┌─ INFORMATION SUPPLIED
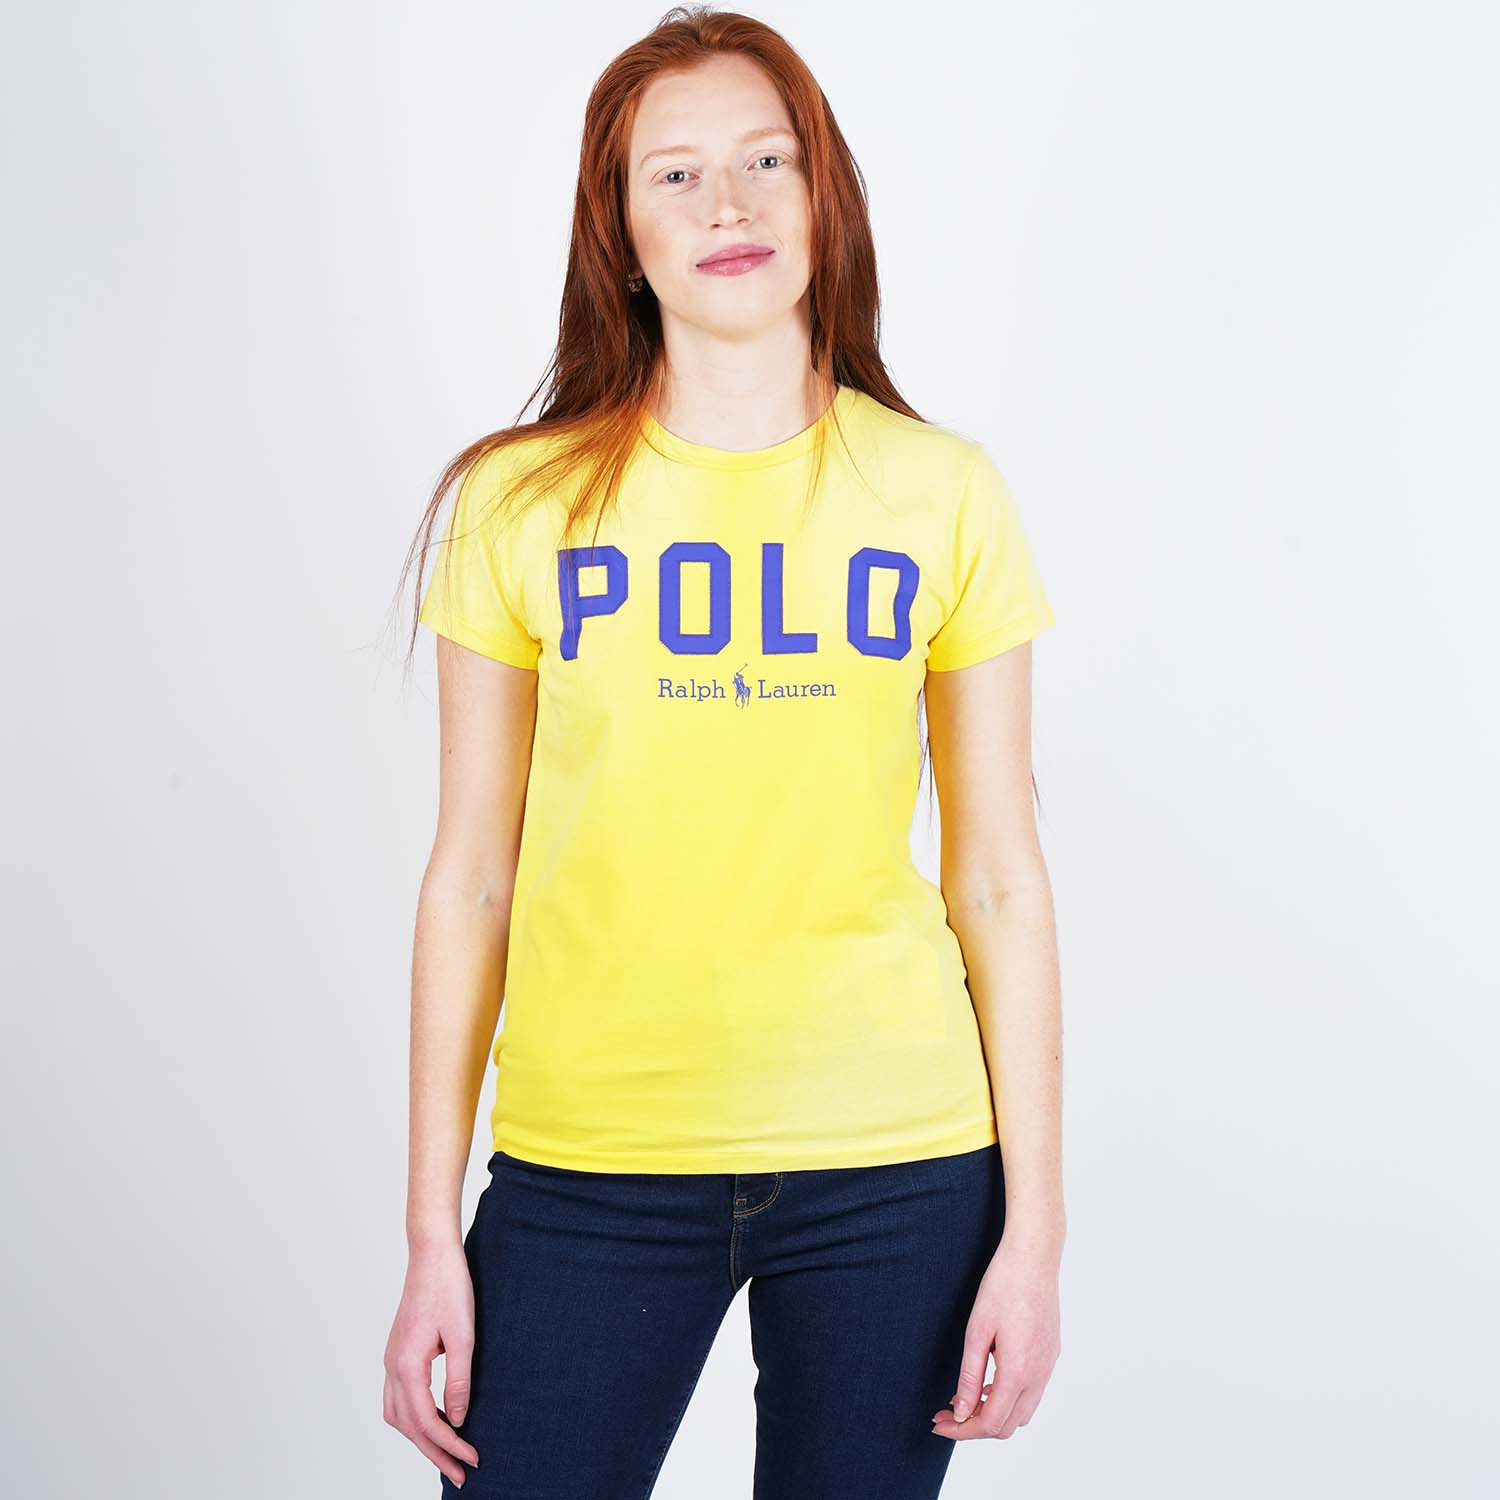 Polo Ralph Lauren Women's T-Shirt (9000050506_44940)
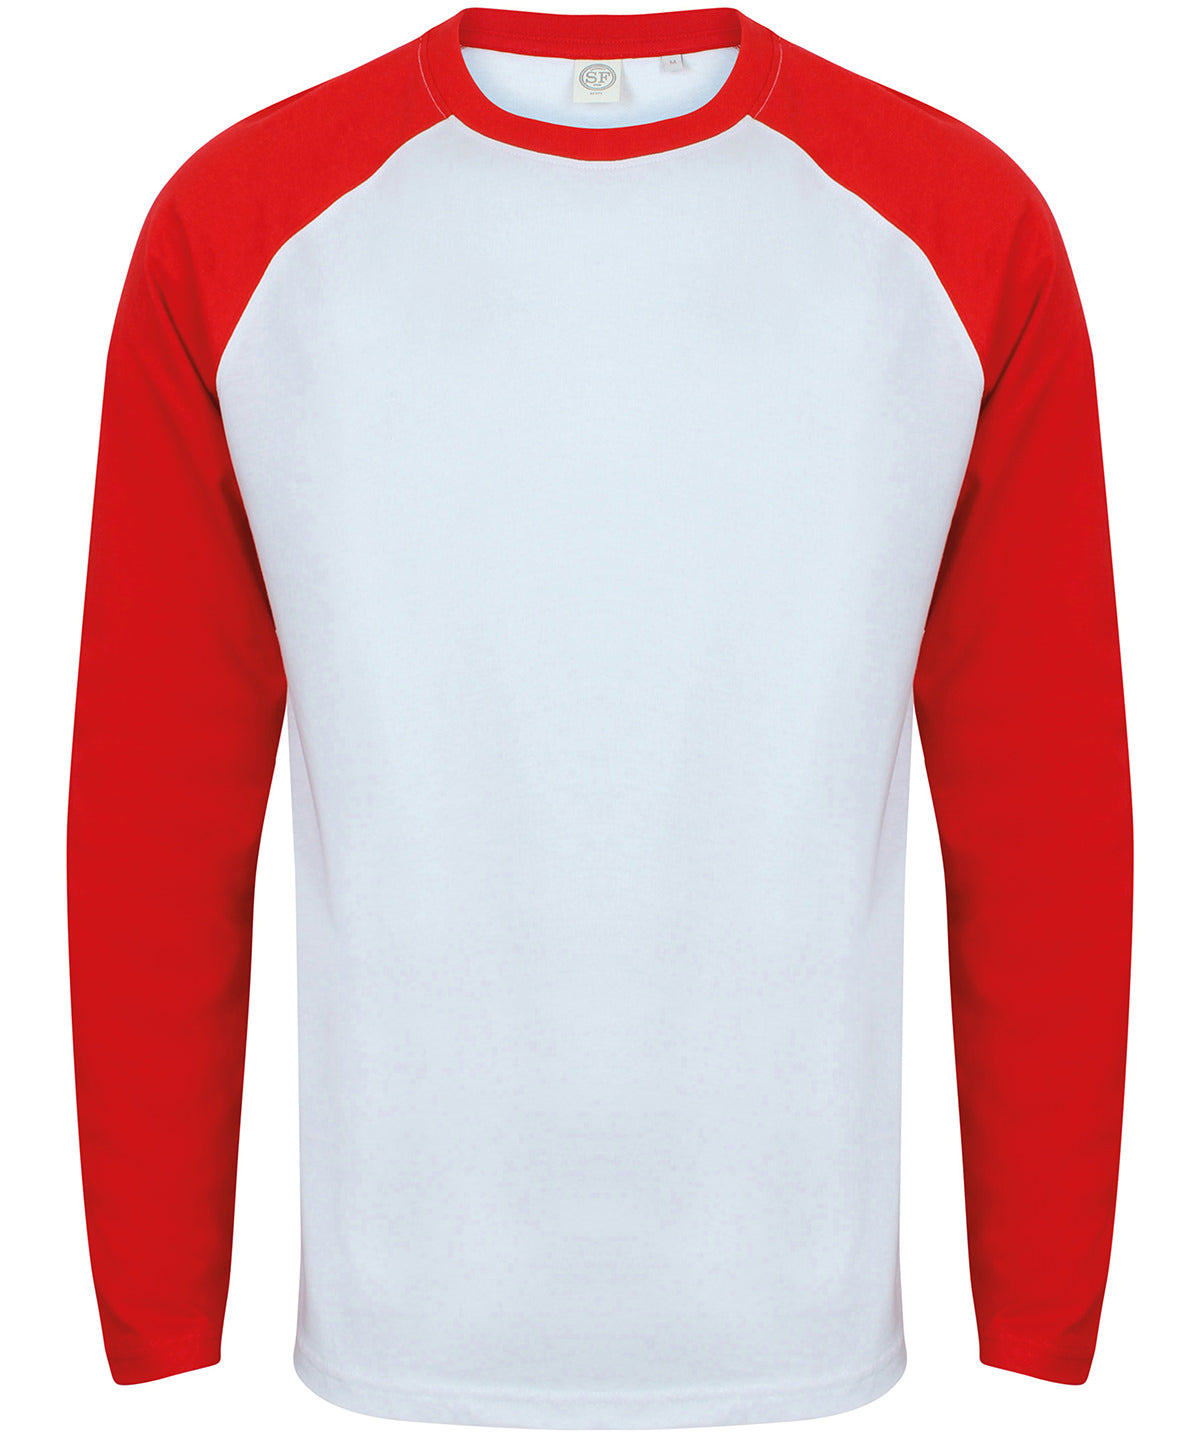 Stuttermabolir - Long Sleeve Baseball T-shirt
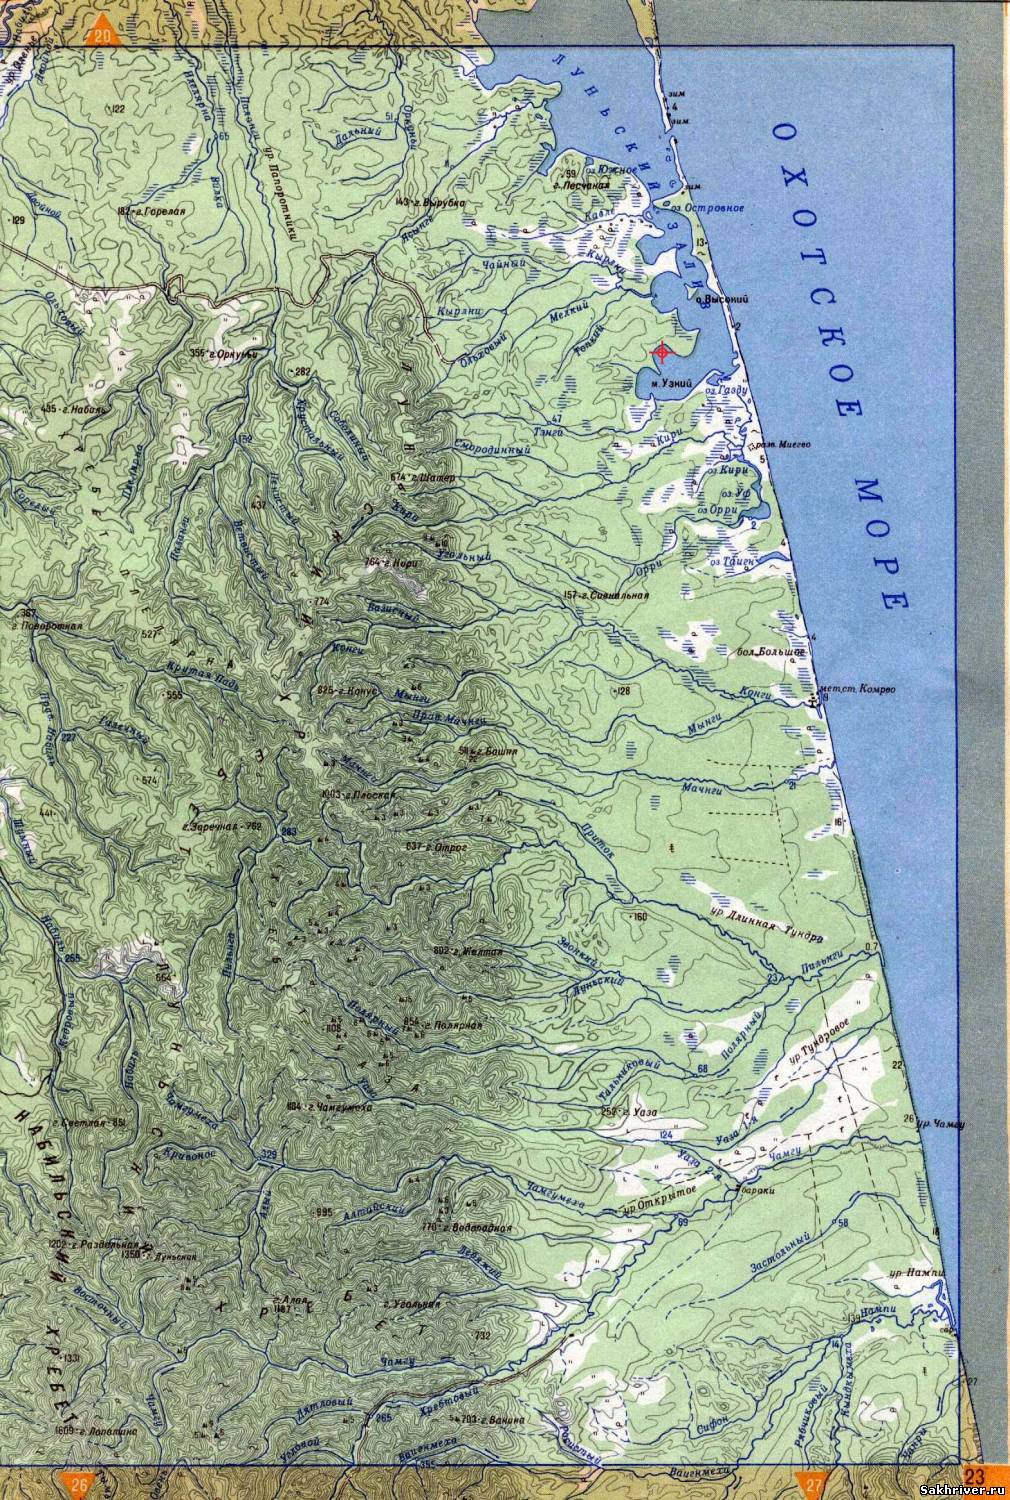 остров сахалин карта
└─
WHAT IS NEEDED => Ignore the images and quote every line of the listing exactly.

WRITTEN REPLY =>
 Polo Ralph Lauren Women's T-Shirt (9000050506_44940)
 Stuttermabolir - Long Sleeve Baseball T-shirt
 остров сахалин карта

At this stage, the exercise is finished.